■ YOUR INSTRUCTIONS
Down to the last line, set down the material below exactly; skip the pictures.

■ DATA BELOW

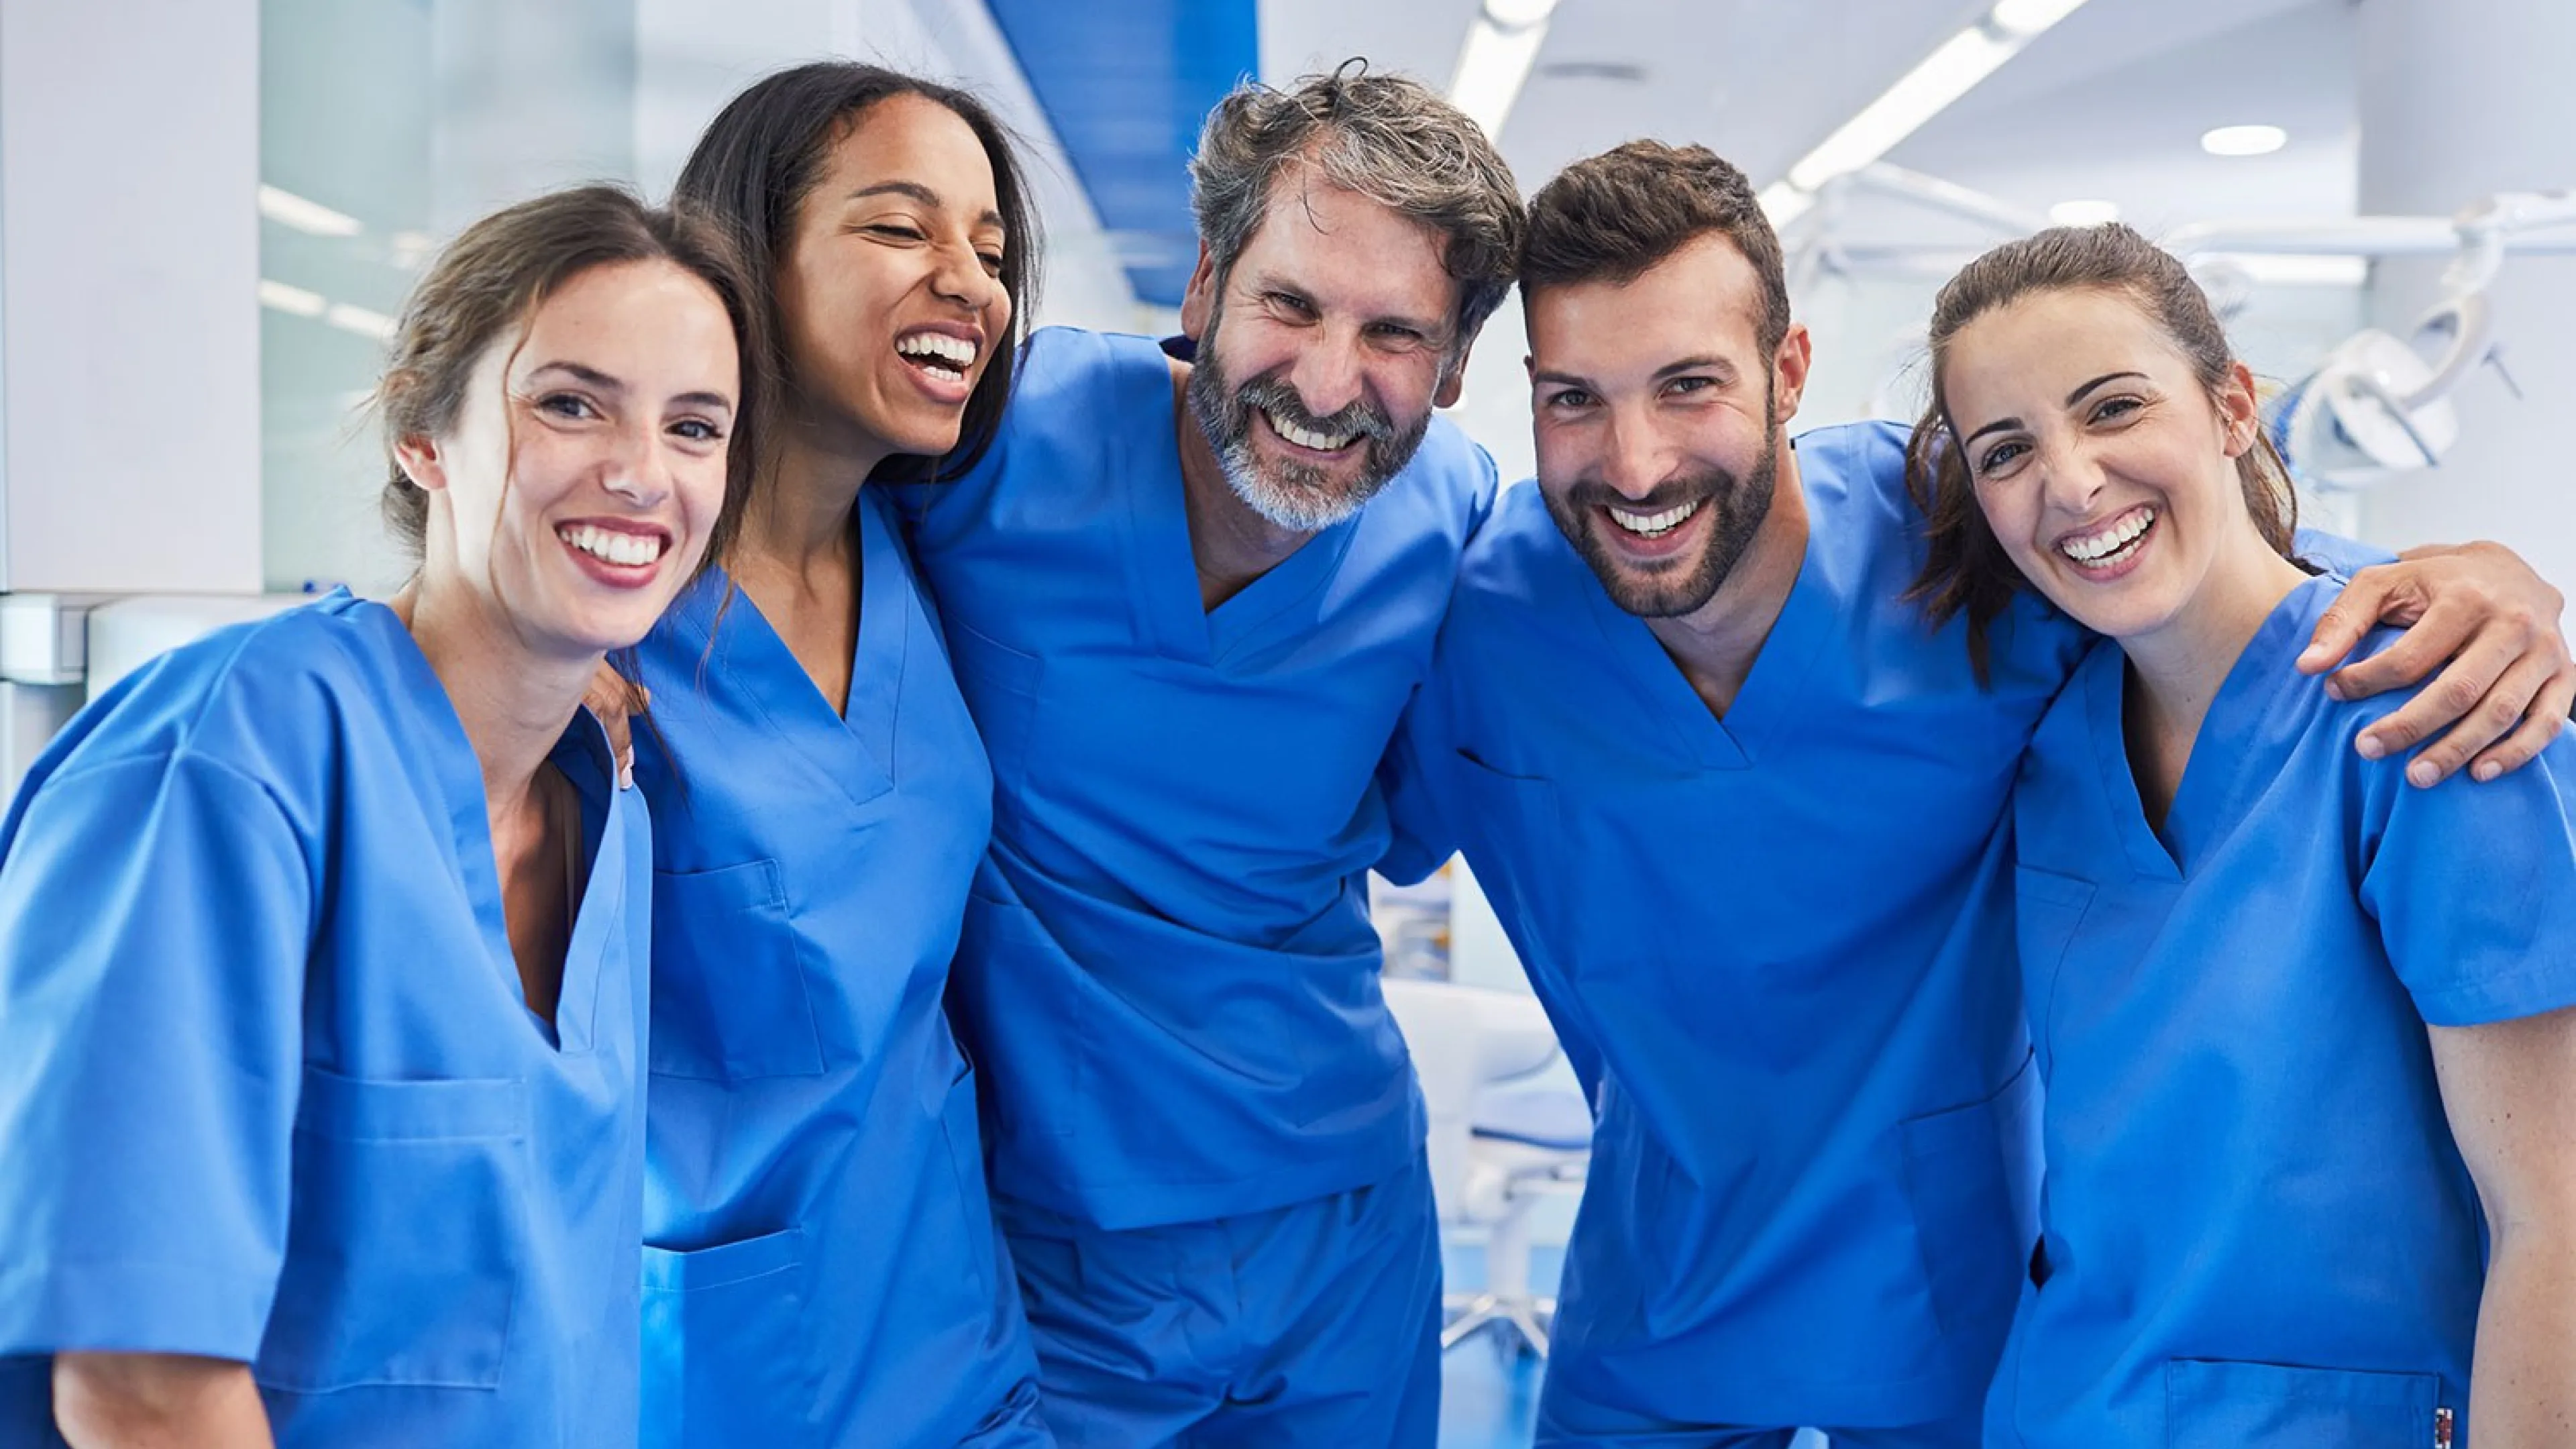 Group of dental assistants smiling
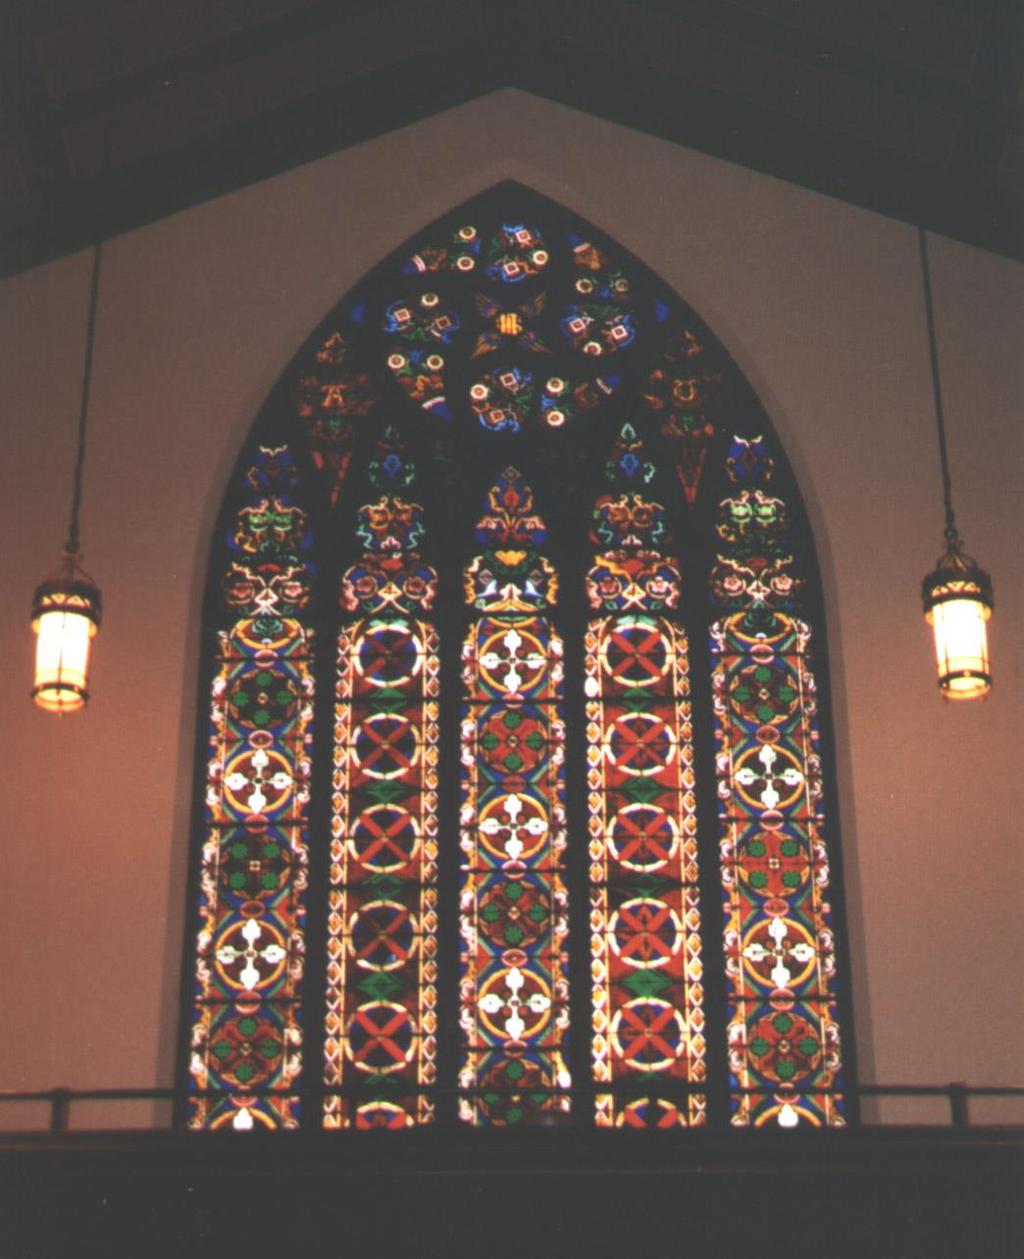 The façade window tracery is original to the Thomas Dixon design.
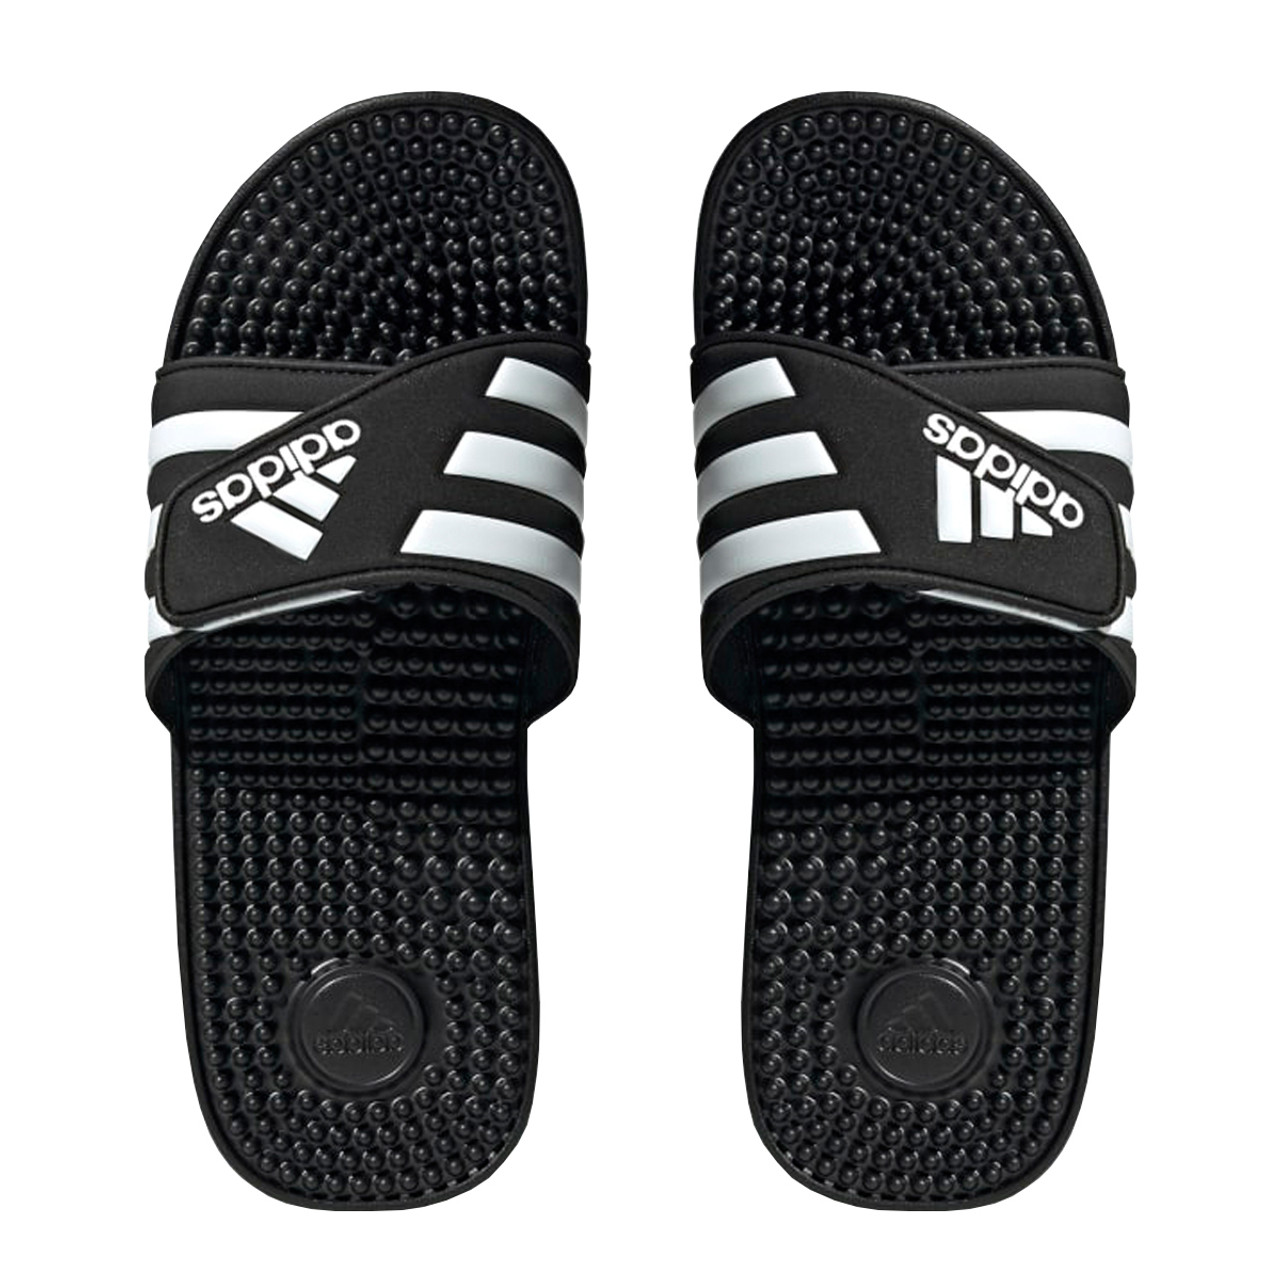 Adidas Adissage Sandals Unisex | Black & White Sandals

■ RESPONSE TO THIS EXERCISE
 Group of dental assistants smiling
 The façade window tracery is original to the Thomas Dixon design.
 Adidas Adissage Sandals Unisex | Black & White Sandals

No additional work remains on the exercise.